- Dates: Finale is the first Saturday in December
- Location(s): Demopolis, Alabama, United States
- Years active: 1972 – present
- Website: official website

= Christmas on the River =

Annual festival in Demopolis, Alabama

Christmas on the River is a week-long annual Christmas festival held in Demopolis, Alabama. It features a week of events that culminate with a nighttime parade of boats lighted with Christmas-themed decorations on the Tombigbee River at Demopolis. Attendance at the Marengo County festival averages about 40,000 people.

==History==
Christmas on the River began in 1972 as a night parade of decorated and lighted floats on riverboats along the river at White Bluff. This was followed by a fireworks show. These main events have continued and the festival has been expanded over the years to now include several functions in the week prior to the nautical parade.

==Events==
Christmas on the River begins with a matinee by the Canebrake Players, a local theatrical group. Other events during the week include a reading of The Christmas Story in the Demopolis Town Square, the Alabama Barbecue Championship, the crowning of Saint Nicholas which acknowledges the community members for their work in helping children, the "Lighting of the Tree" celebration, candlelight house tours, a community-wide church service, a concert by the Alabama Boychoir, the Children's Day Christmas Parade, and the Jingle Bell Run.

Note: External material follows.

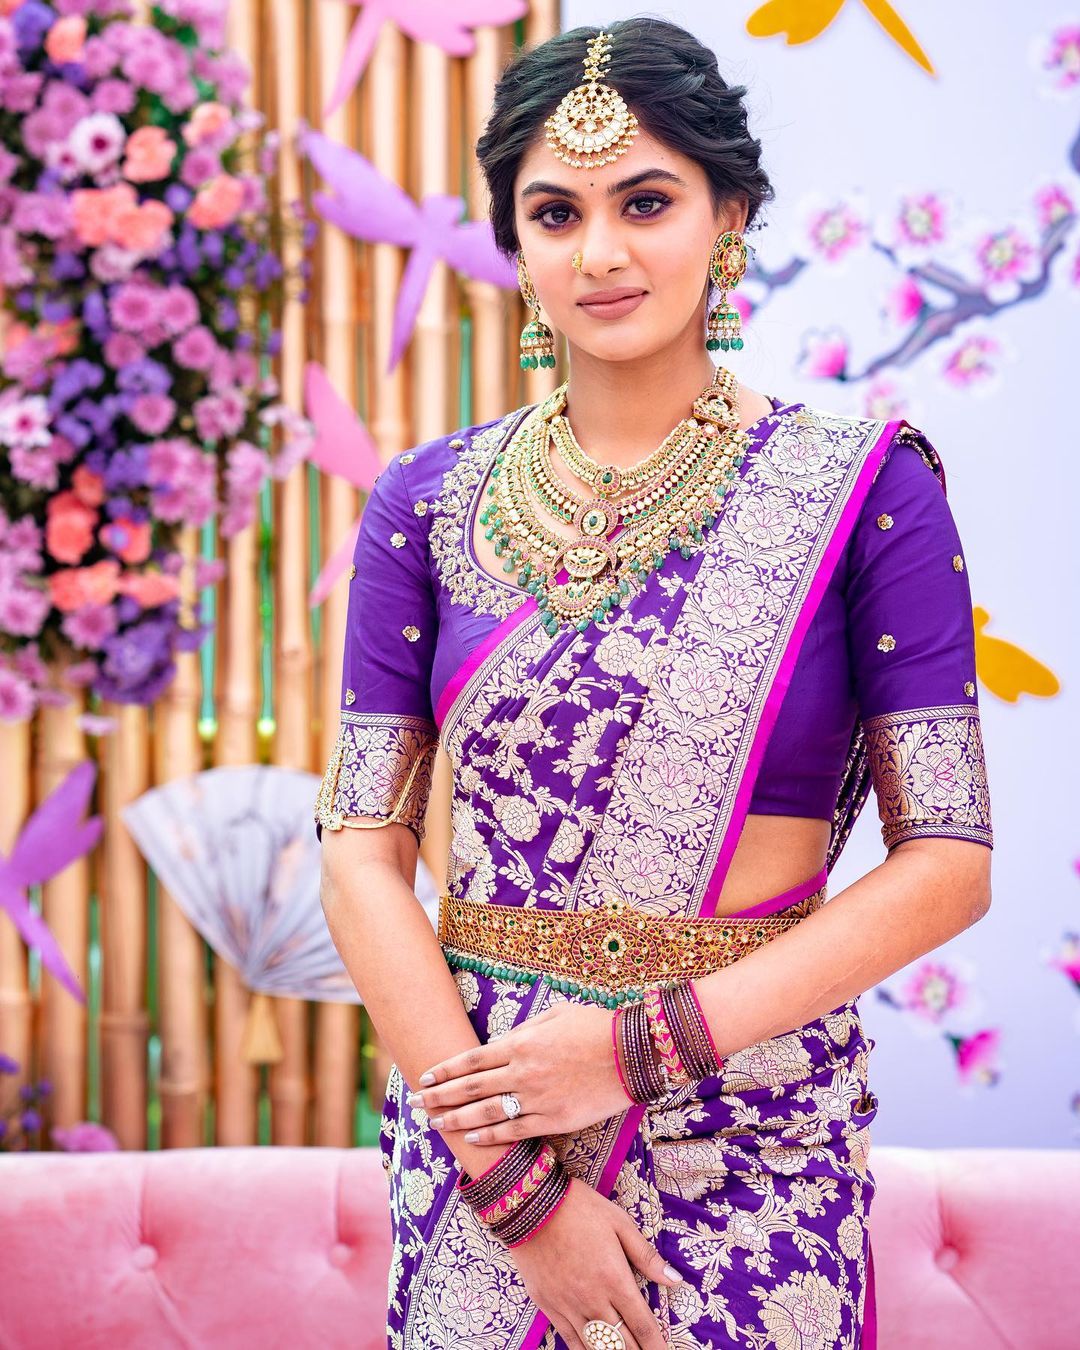 Bridal Hair Accessories Looks for Punjabi Brides | Indian bridal fashion,  Long skirt top designs, Punjabi hairstyles

The Alabama Barbecue Championship is an event involving teams from nine states, 75 judges, and roughly 8000 participants. It became the official state barbecue championship on December 18, 1991. The "Christmas in the Canebrake" party is held at Bluff Hall, Gaineswood, and Lyon Hall, three of Demopolis' antebellum homes, the night before the finale. It includes special candlelight evening tours featuring 19th-century-style holiday decorations of fresh fruit and greenery, confections, and yuletide entertainment. The Jingle Bell Run is a 5K road race for men and women and is held on the final day of the celebration.